It was the night before an exam, and a dental student emailed Glenn Canares, DDS, MSD, a common occurrence among students and instructors at the University of Maryland School of Dentistry (UMSOD). But it was the content of the email that was uncommon.
“She shares with me that she’s listening to my lecture on children with special health care needs. And she’s in tears,” said Canares, clinical assistant professor and director of UMSOD’s Advanced Specialty Education Program, Division of Pediatric Dentistry, and an advocate for the role of kindness in teaching.
The writer was Rachel Chang, DDS ’23, then a third-year student who told Canares that his showing deep respect for people like her brother, who has Down syndrome, was a first for her in academia.
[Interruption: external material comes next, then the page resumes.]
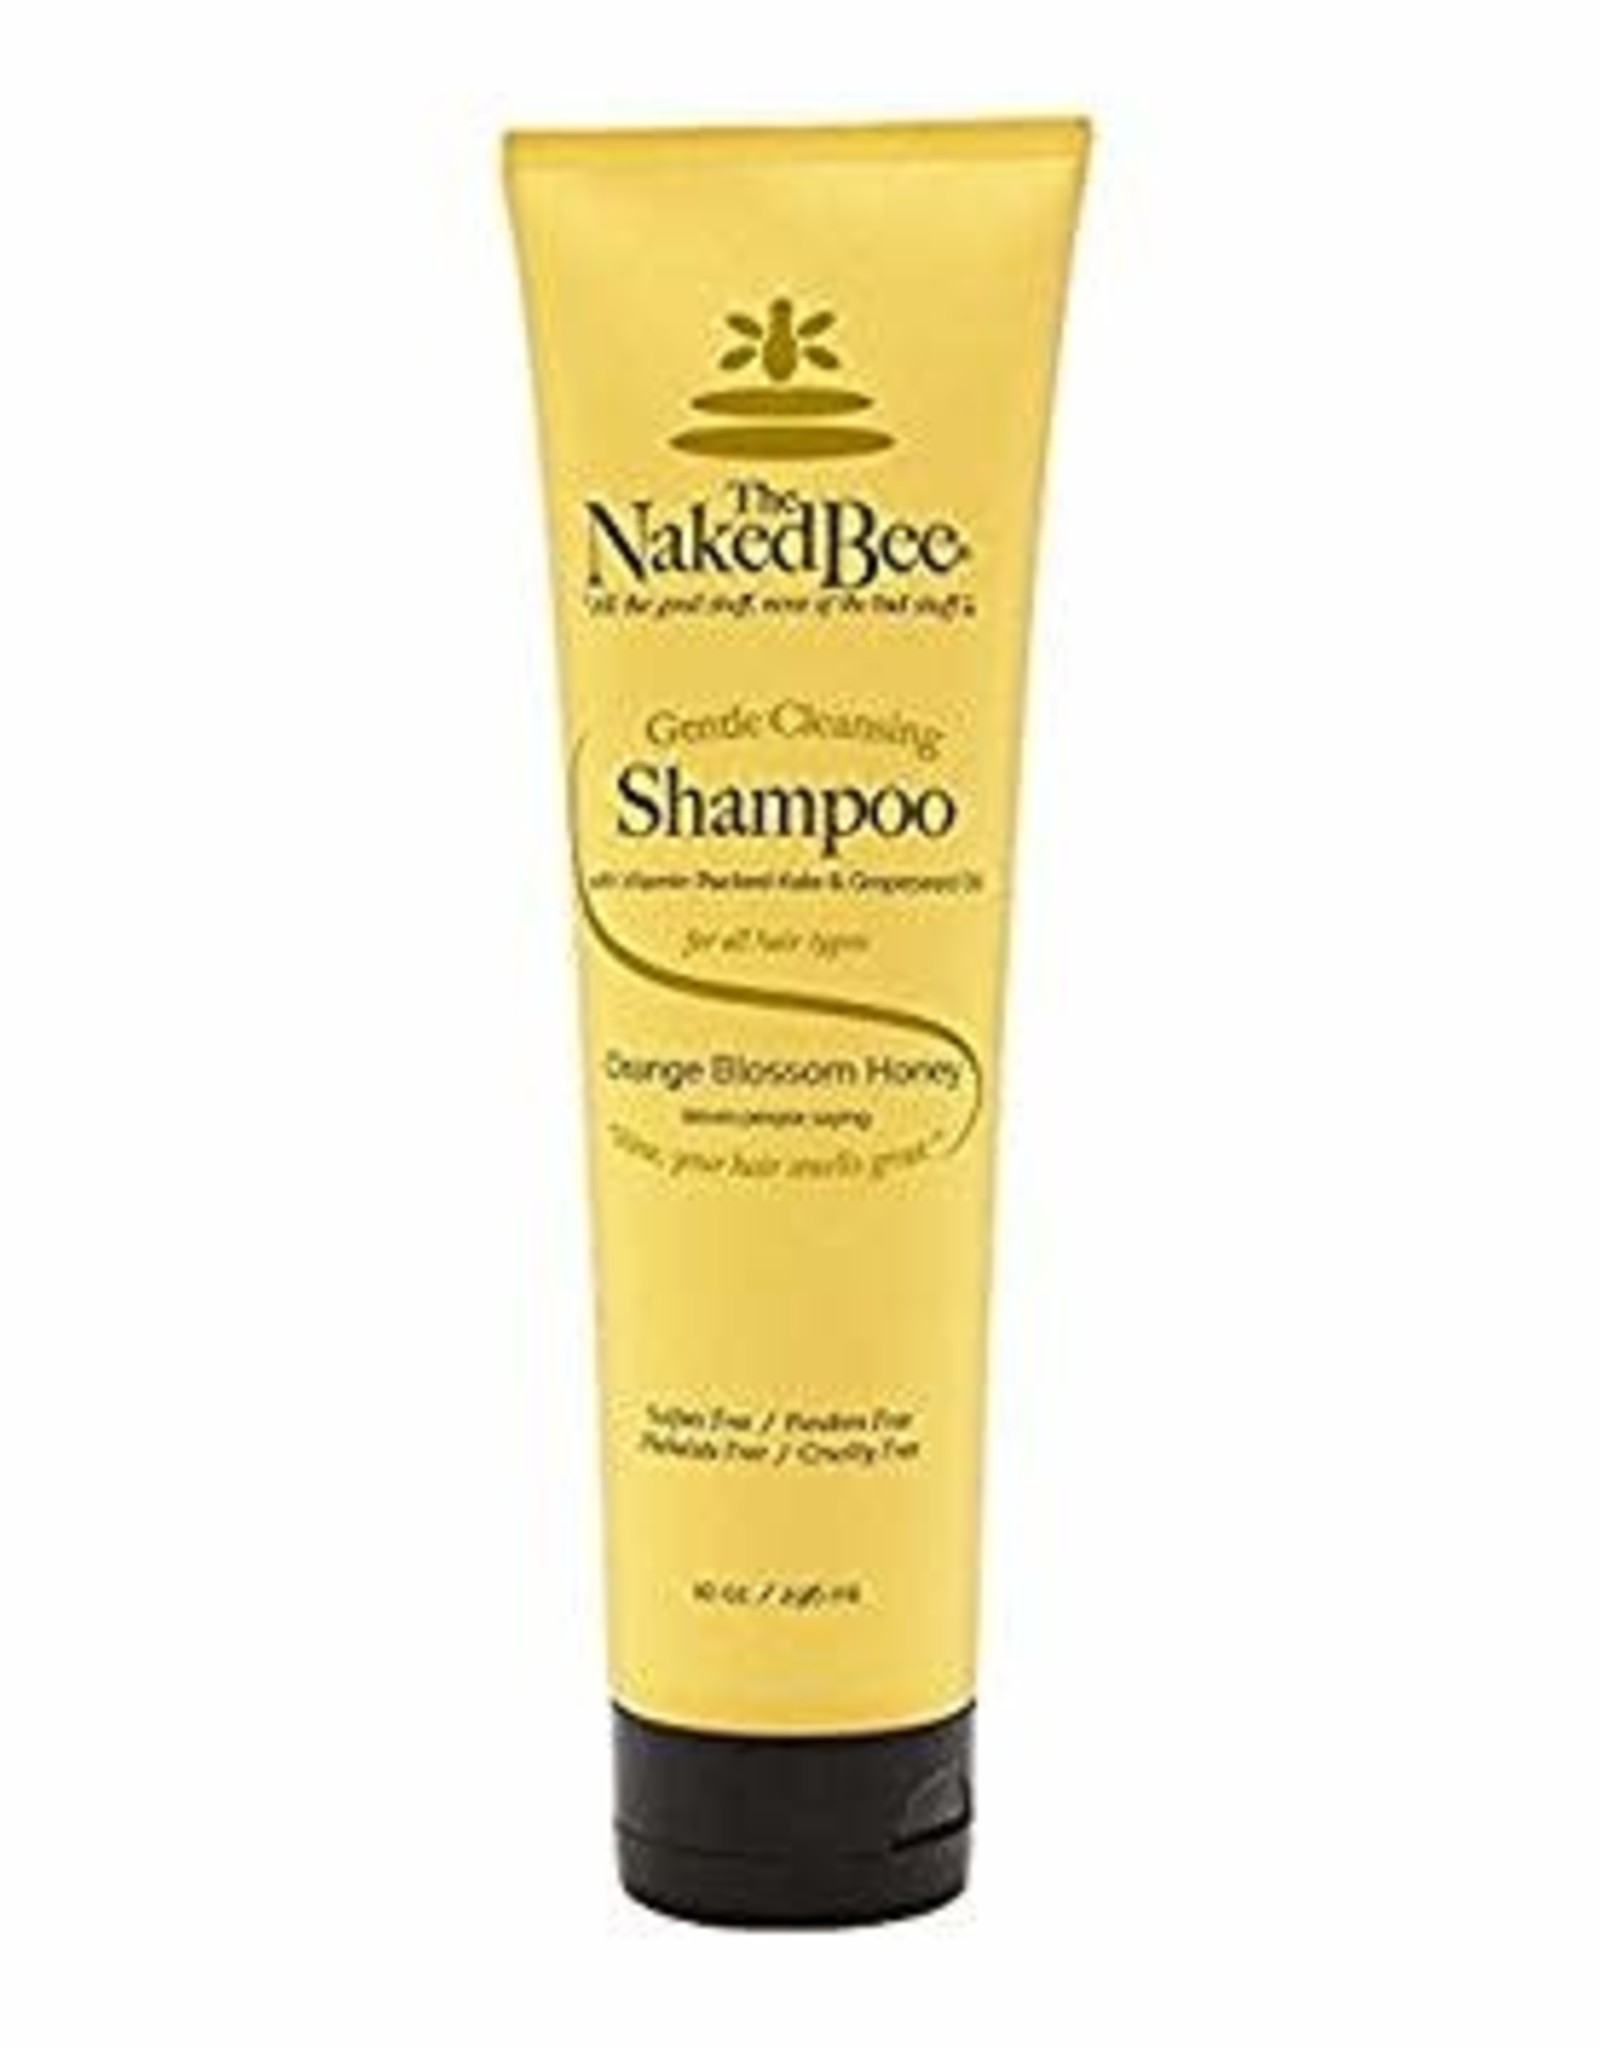 Naked Bee Shampoo 10oz Orange Blossom Honey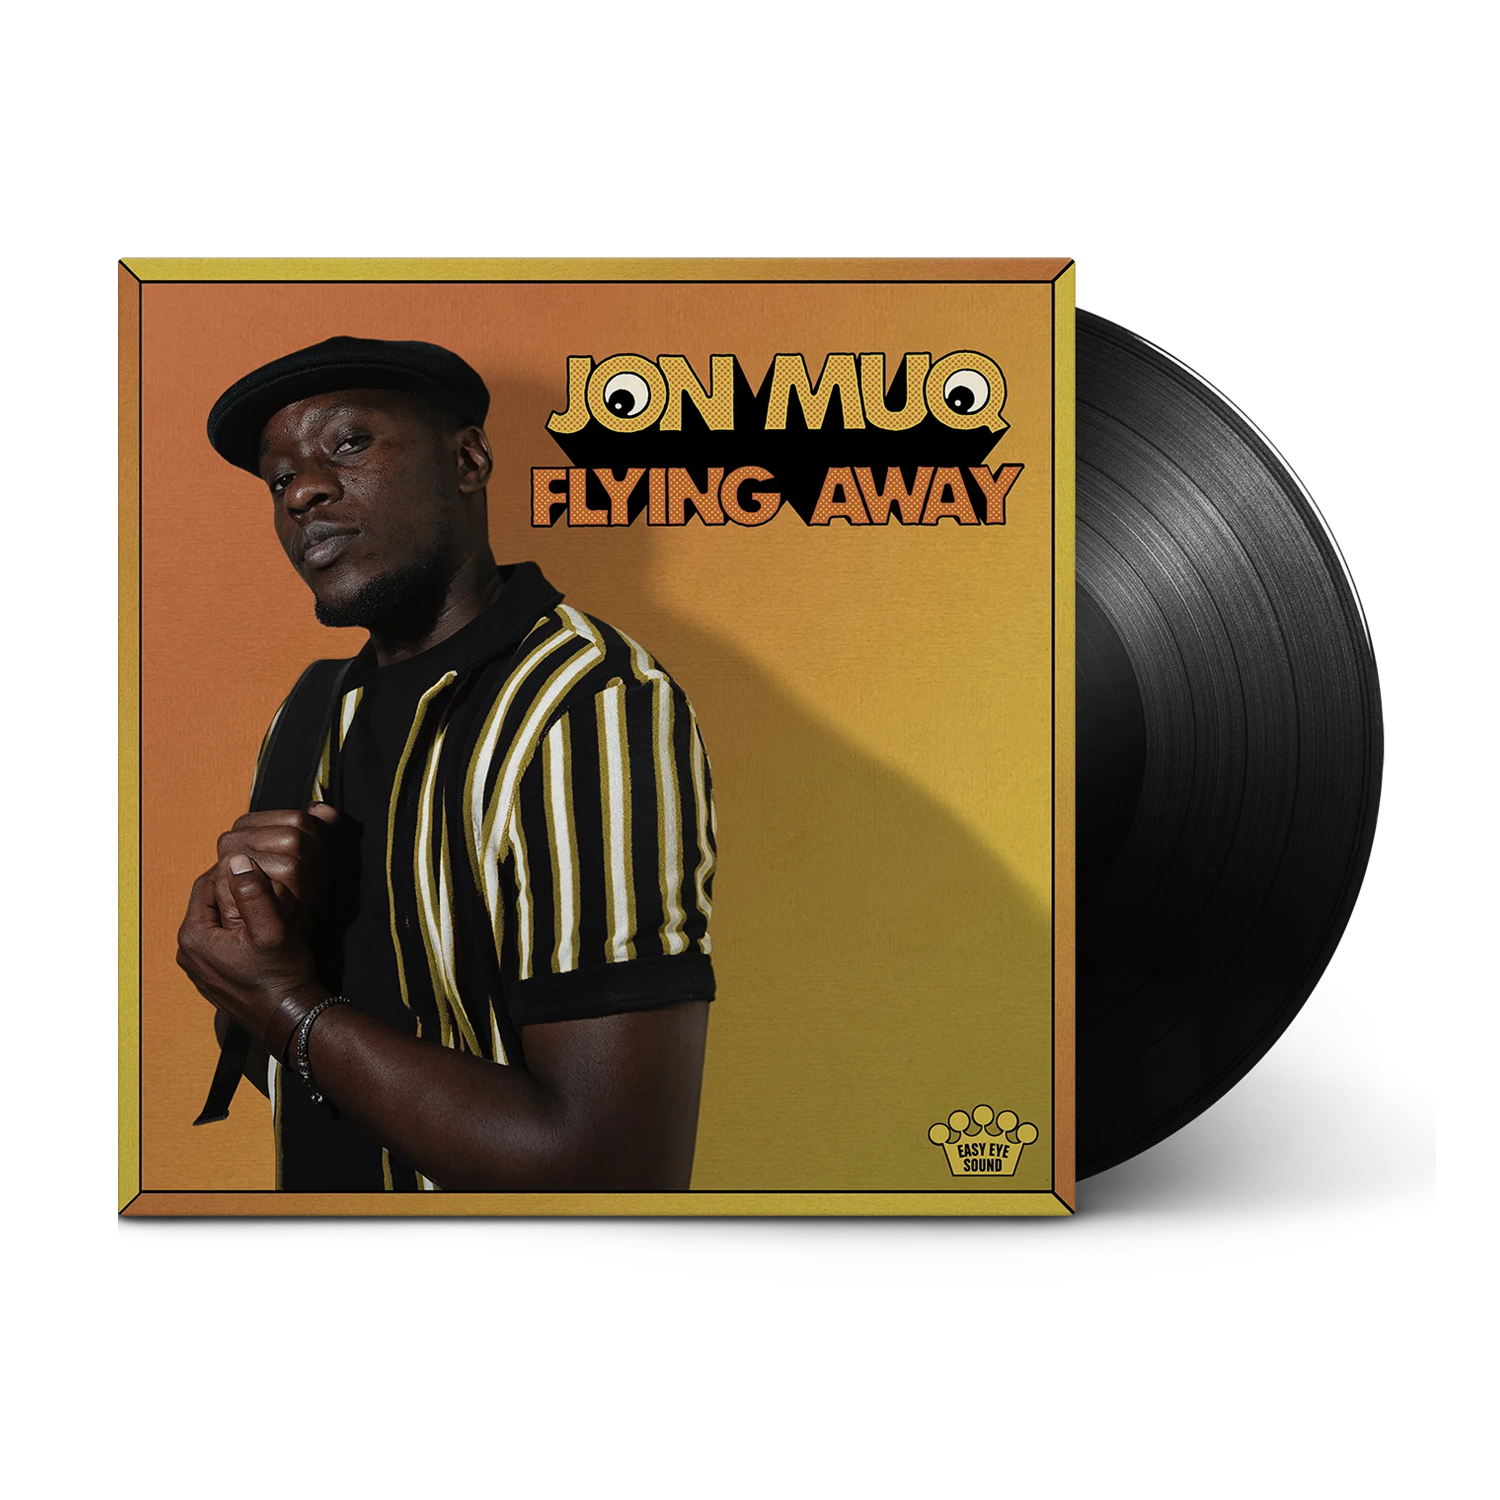 Jon Muq - Flying Away: Vinyl LP

The lecture had conveyed the value that Canares places on making personal connections — with patients, students, and colleagues.
Hers were happy tears.
“I was moved,” recalled Canares, who spoke about their interactions during a recent speech. “And it could have ended with just that.”
Instead, he wrote a thoughtful reply that Chang received after the exam and still keeps on her phone nearly two years later.
“He reciprocated in such a kind and generous way,” she said. “Clinicians talk about different diseases, different conditions, and it becomes a list. But for him, he focused on the person, the story behind it. And that’s why I felt so connected to him.”
Canares became her mentor, providing resources in what he called a spirit of openness. “It’s that openness, not necessarily saying, ‘You need to do pediatric dentistry,’ but showing what we do, who we are, what we do as a specialty. That’s what kind of led her there,” he said.
Transforming Student’s Life
Chang, 26, chose pediatric dentistry and decided to stay at the University of Maryland, Baltimore (UMB) for her postdoctoral education. In July, she began her dental school residency. And in September, Canares spoke at the UMB Faculty Convocation, describing “a spark of kindness that would transform Rachel’s life.”
He exhorted colleagues to make compassionate behavior a routine. “Because when we practice kindness, it creates belonging,” he said. “And when we feel like we belong, we connect more with our work. Then we attract and retain the best people rather than being at risk to lose them. We move from being told, ‘You’re a good teacher,’ to being told, ‘You changed my life.’ ”
Canares’ teaching prowess was noted by the UMB Leaders in Education: Academy of Presidential Scholars (LEAPS) when he won a 2023 LEAPS Distinguished Educator award as outstanding preceptor.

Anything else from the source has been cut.